French ship Achille (1804)

Scale model on display at the Musée de la Marine in Paris
History
France
NameAchille
NamesakeAchilles
BuilderArsenal de Rochefort
Laid down5 November 1802
Launched17 November 1804
CompletedFebruary 1805
Commissioned28 January 1805
FateSunk, 21 October 1805
General characteristics
Class & typeTéméraire-class ship of the line
Displacement3,069 tonneaux
Tons burthen1,537 port tonneaux
Length55.87 m (183.3 ft) (172 pied)
Beam14.90 m (48 ft 11 in)
Draught7.26 m (23.8 ft) (22 pied)
PropulsionUp to 2,485 m2 (26,750 sq ft) of sails
Armament

Achille was a 74-gun Téméraire-class ship of the line built for the French Navy in the first decade of the 19th century.
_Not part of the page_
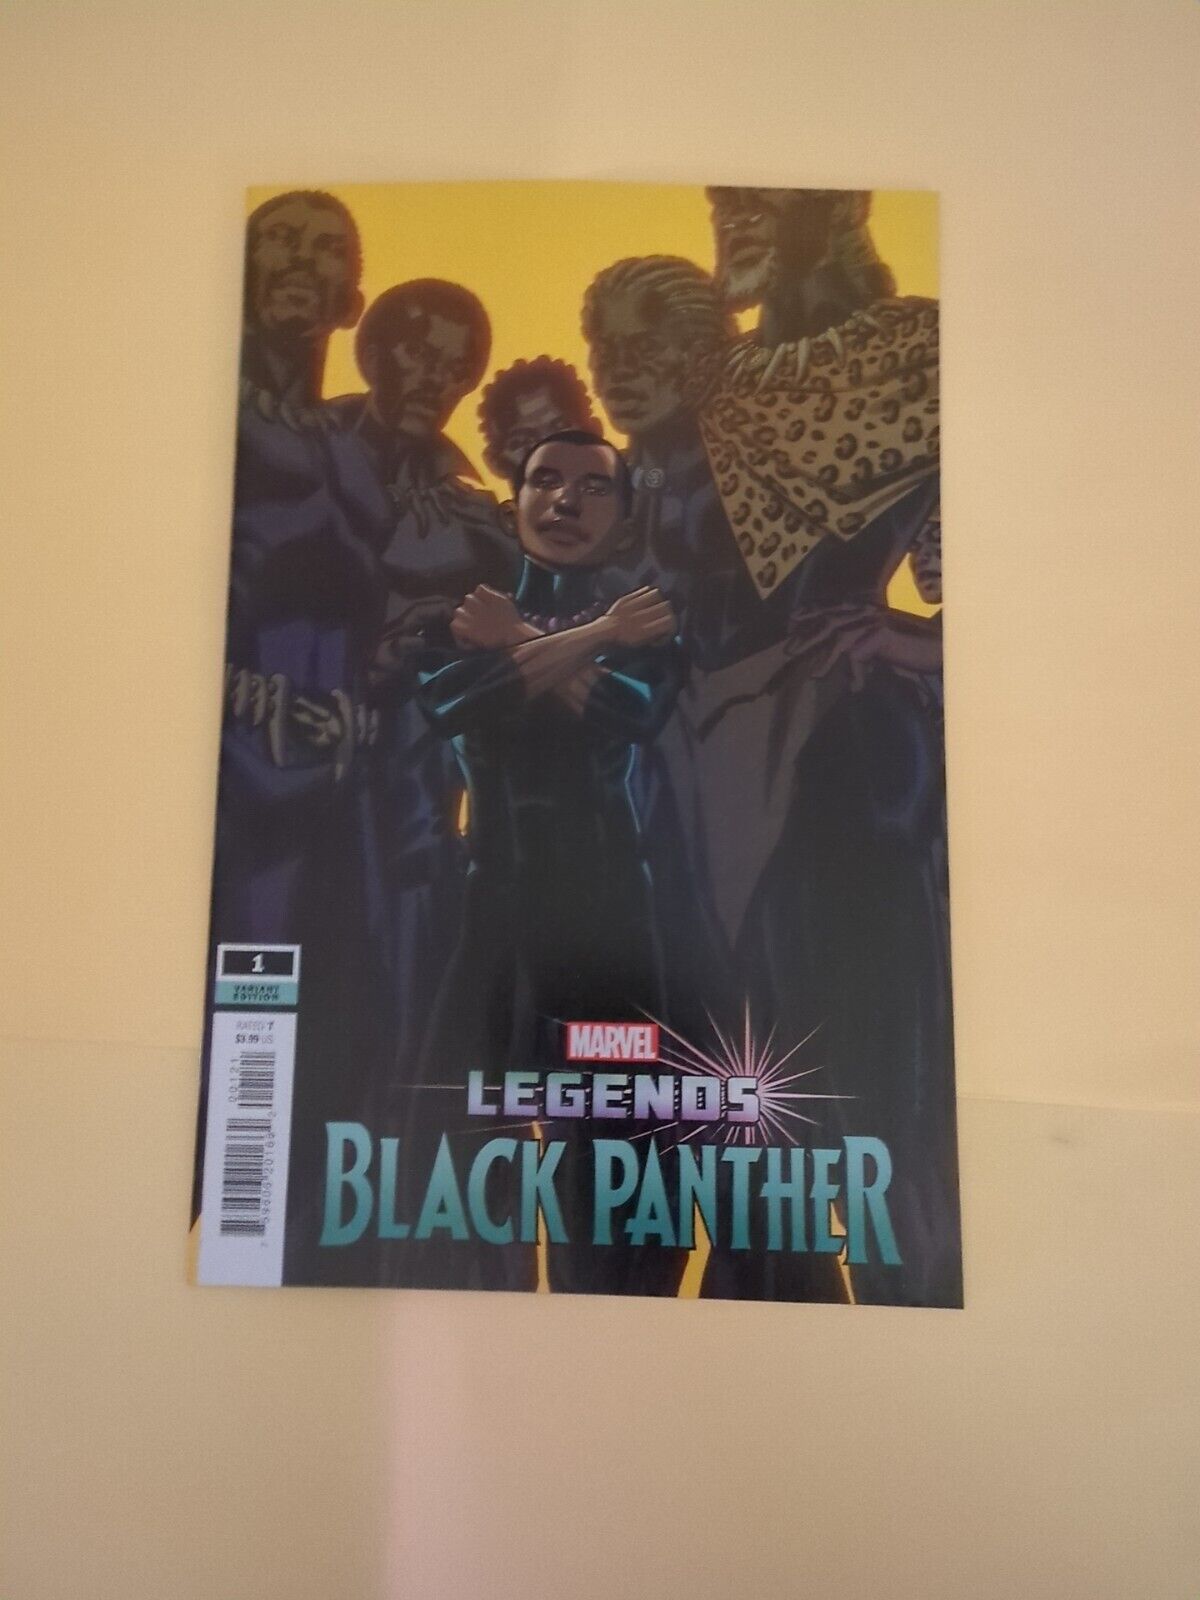 Black Panther Legends #1 Brian Stelfreeze Variant cvr B, Marvel (2021), VG cond.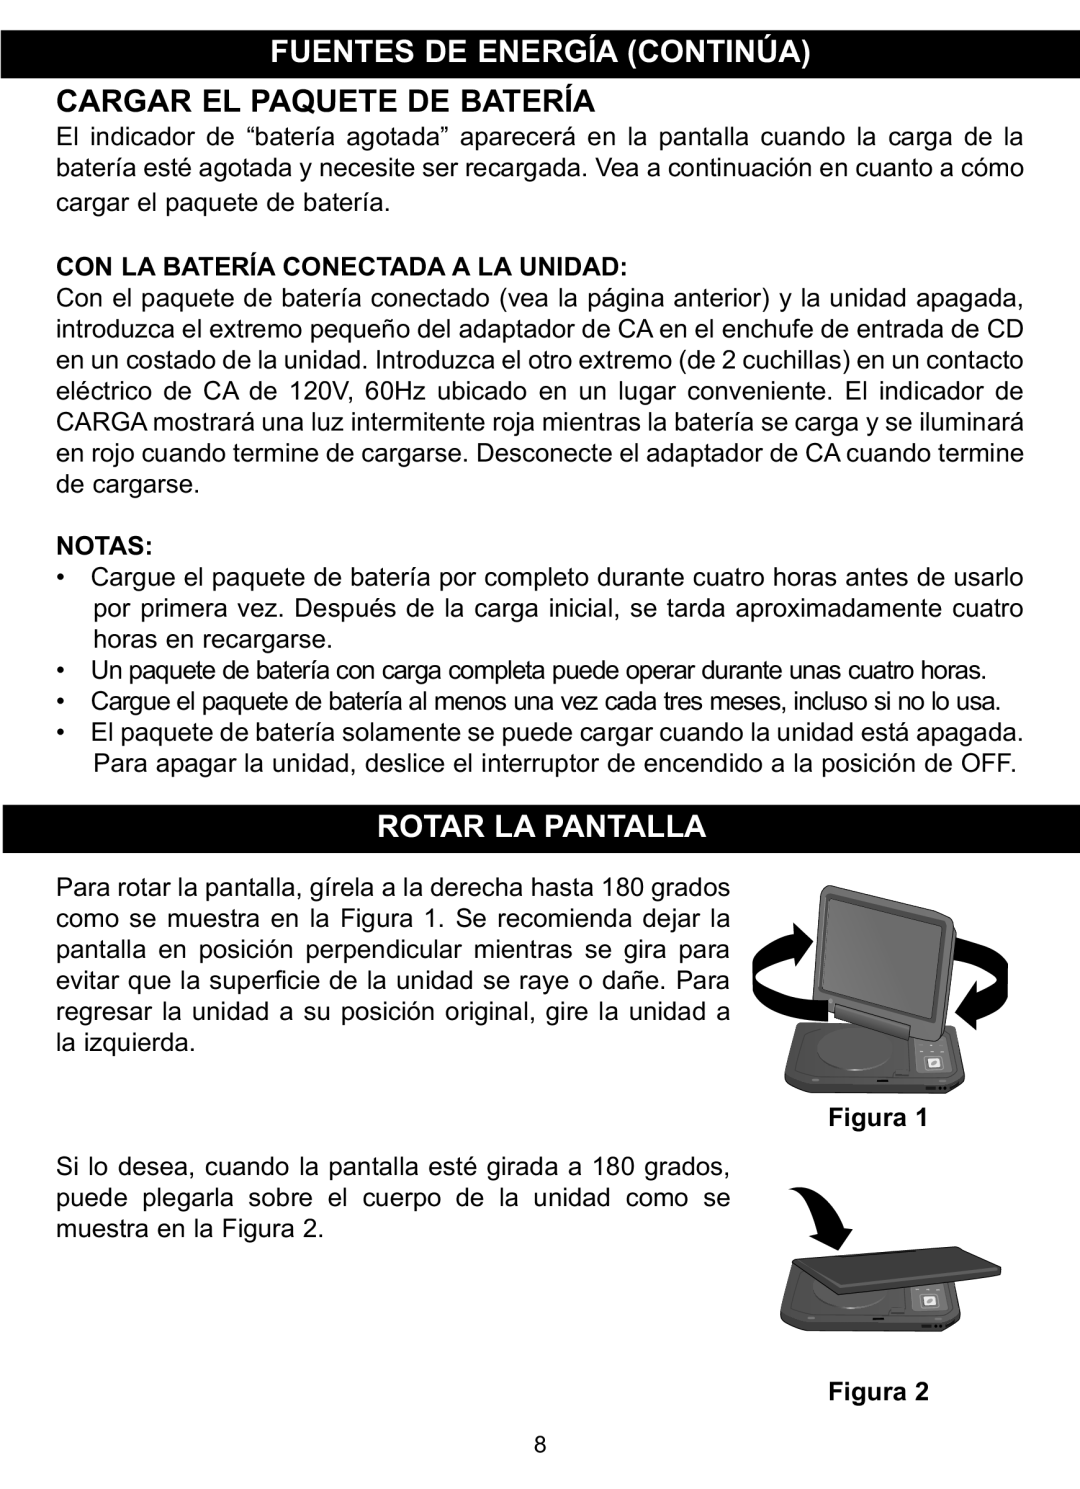 Memorex MVDP1088 manual Fuentes De Energía Continúa Cargar El Paquete De Batería, Rotar La Pantalla, Notas, Figura Figura

Completed in 1805, she played a minor role in the Napoleonic Wars. The ship participated in the Trafalgar campaign that same year, including the Battle of Cape Finisterre in July and was destroyed during the Battle of Trafalgar in October when her magazine exploded. At least 190 members of her crew were rescued. The recovery of one woman from the ship was the inspiration for a painting in 1817.

Description

Designed by Jacques-Noël Sané, the Téméraire-class ships had a length of 55.87 metres (183 ft 4 in), a beam of 14.46 metres (47 ft 5 in) and a depth of hold of 7.15 metres (23 ft 5 in). The ships displaced 3,069 tonneaux and had a mean draught of 7.15 metres (23 ft 5 in). They had a tonnage of 1,537 port tonneaux. Their crew numbered 705 officers and ratings during wartime. They were fitted with three masts and ship rigged.[1]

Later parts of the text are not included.